I watched this video yesterday and I started thinking about this behavior outside of video games (since I don’t play that much)
Are you someone who likes to hone their skills down to millisecond precision?
Are you someone who likes to innovate, and find new ways to solve old problems?
Which side do you think different brands fall into?
Are their certain musicians that you think fall into one of the categories more predominantly?
Obviously we all aren’t just one way or the other, but taking these extreme paradigms into consideration has given me some new insights into my own practice.
I’d like to be more innovative but it’s more challenging than honing which is basically just repetition. This is a good question and something I’ve been thinking about a lot as well. Lately I have made some progress on the innovative front but essentially these things seem to alternate from one to another no matter what I try, and that is OK too. It’s good to acknowledge these things at least
Yeah, I think they are both involved in learning and trying to become good at something! Personally, I think I often gravitate towards innovation, I like the rewarding feeling I get from thinking of a new way to do something that no one has yet. Because of this, it is often without meaning to that I find myself honing my skills, usually in the pursuit of the innovation “reward”.
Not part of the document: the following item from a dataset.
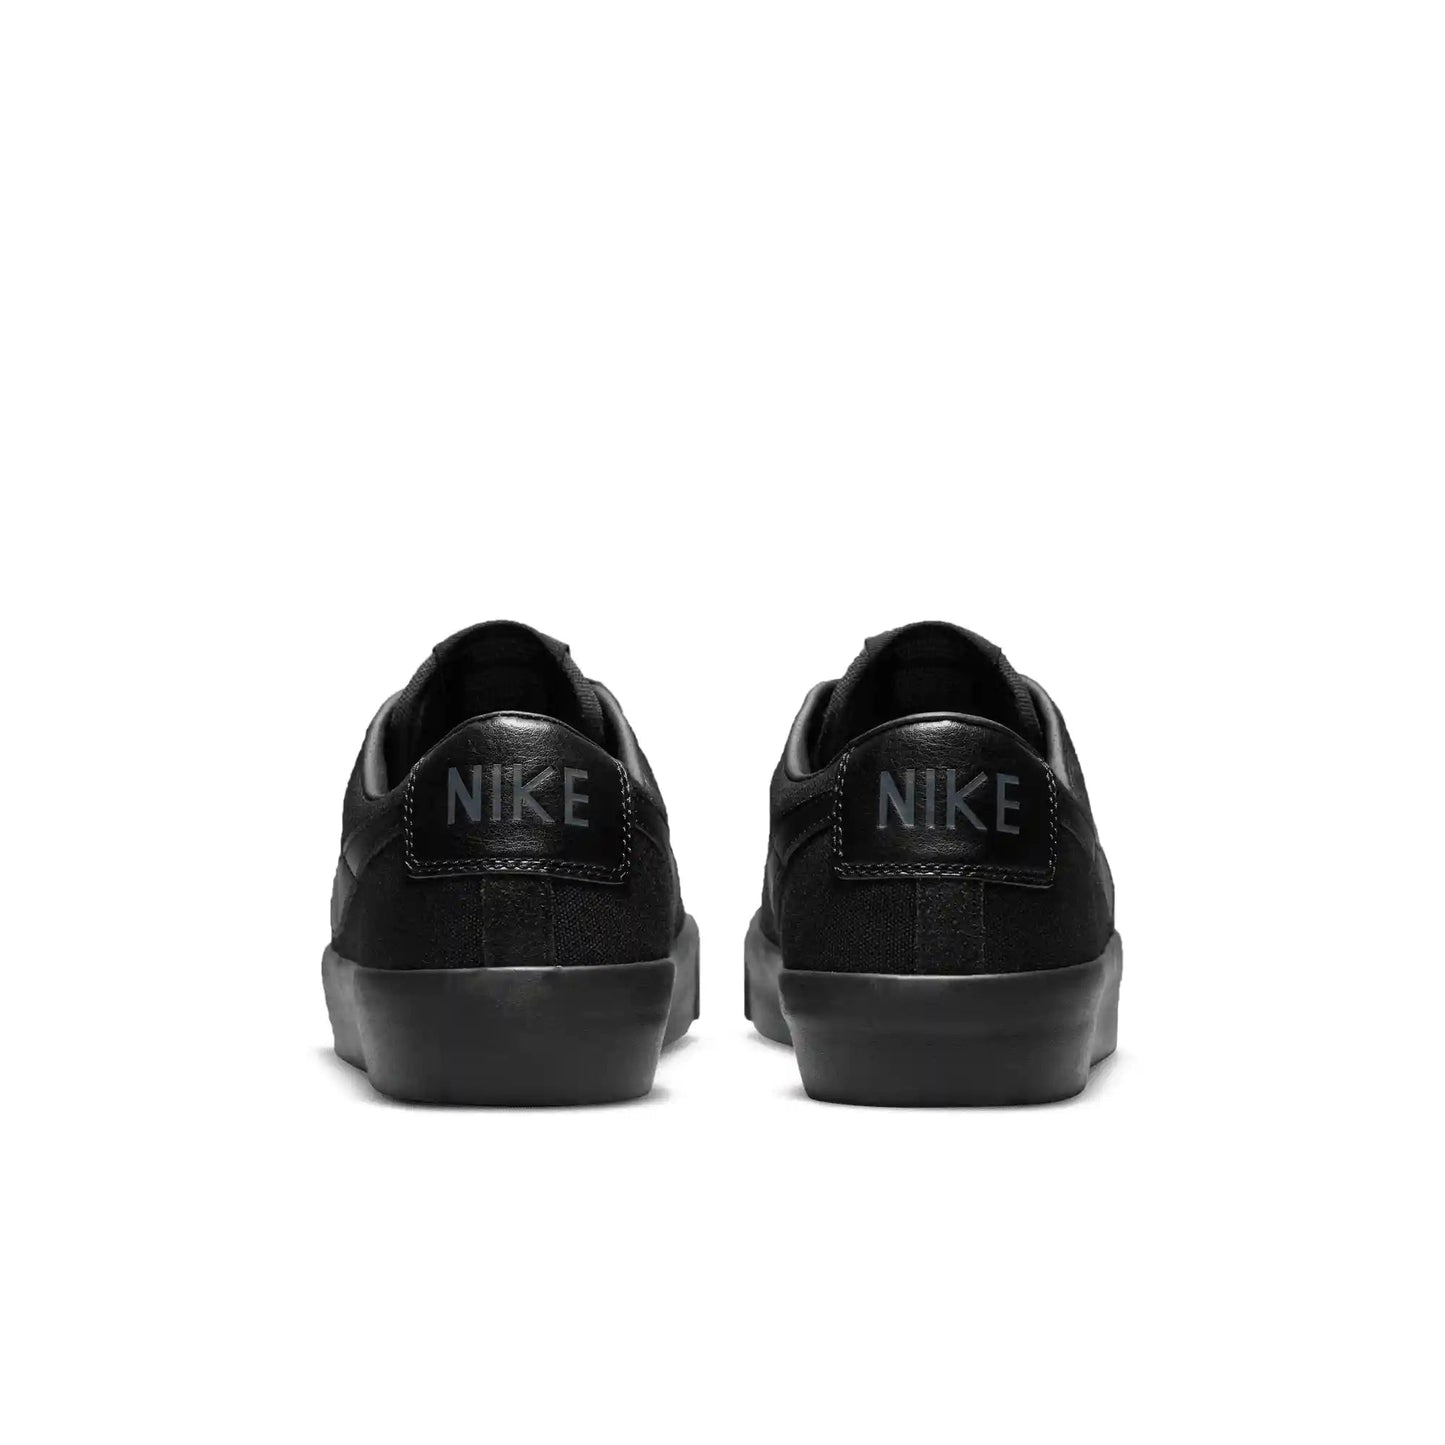 Nike SB Zoom Blazer Low Pro GT, black/black-black-anthracite - Tiki Room Skateboards - 8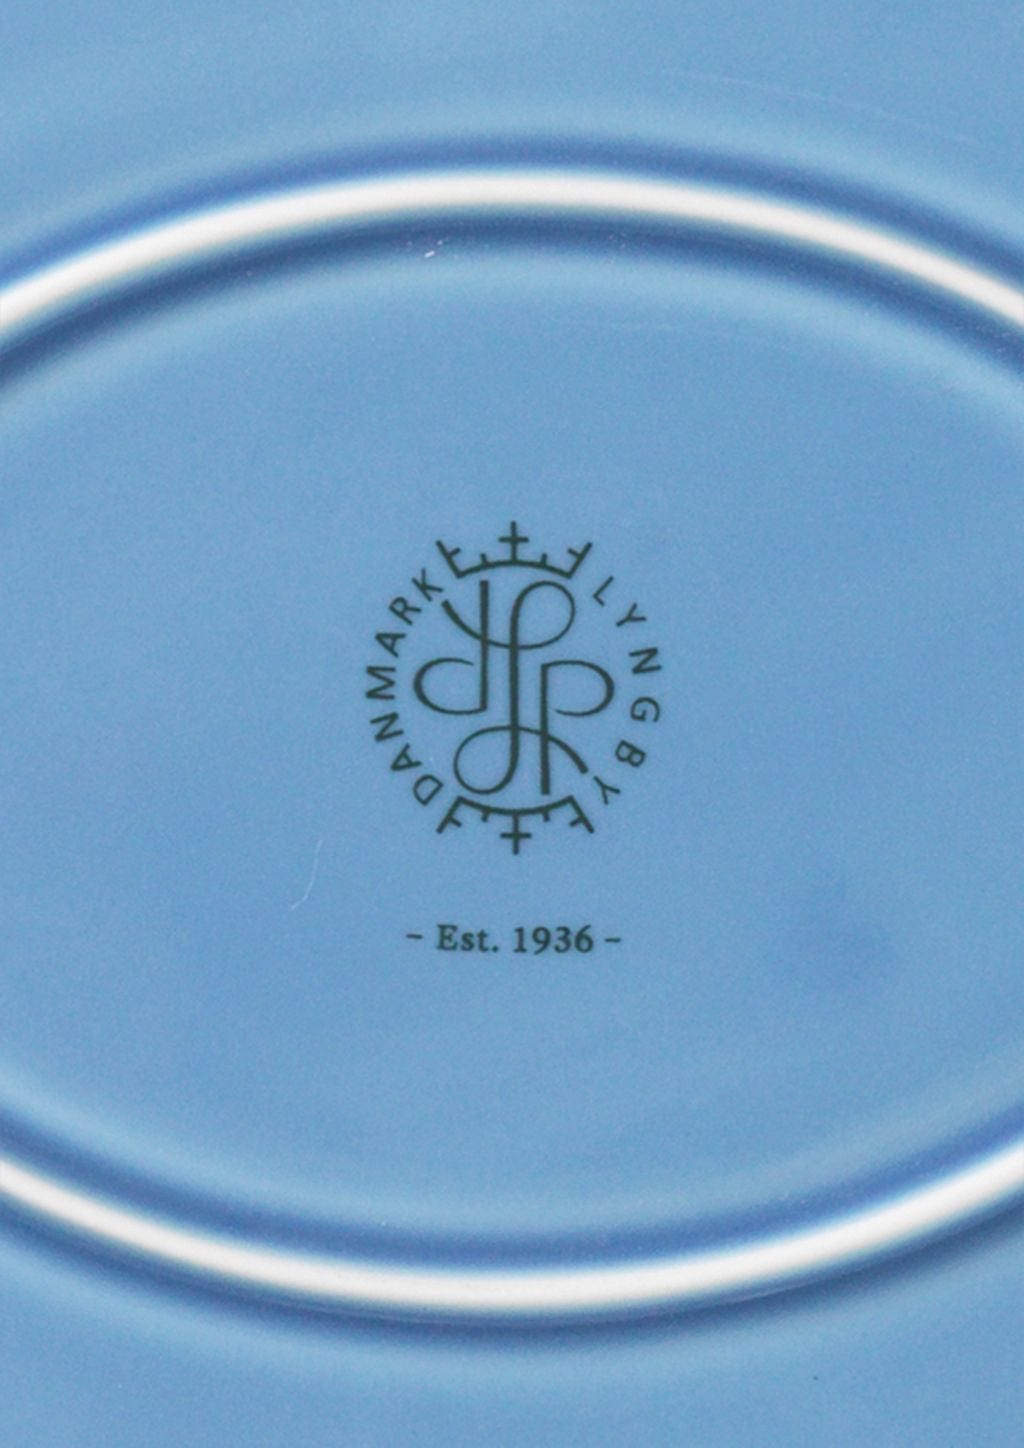 Lyngby Porcelæn Rhombe Farbe Ovaler Servierplatte 28,5x21,5, Blau

They are definitely tied together, and we all need both.
I want to become better at honing, and learn to create goals for myself in this regard. I think I’ll yearn to learn honing more if I can come up with goals.
I’d argue though to have another type of result showing, having a voting result of two opposing sides averaged is a bit meaningless.
On topic; I’d definitely see myself more in the honing/repetition department, although I gotta admit that I do enjoy trying out some completely new branches elsewhere from time to time. Often times I feel like ‘pure’ repition is in some way impossible with artistic expression, you’re almost bound to discover new things, despite thinking you are staying in the same framework (?).
Hmm yeah it was just a somewhat unfinished thought. Sure, of course there is repetition, duh. There are many, many, many small processes that get repeated all the time with artistic work.
I was mostly just thinking about repetition itself leading to innovation, if that makes sense. If you practice your scales for years you would be probably thinking about them in completely different ways compared to when you would first ‘discover’ them.
My current artistic outlet is painting trees and I definitely keep discovering new things, despite always painting trees.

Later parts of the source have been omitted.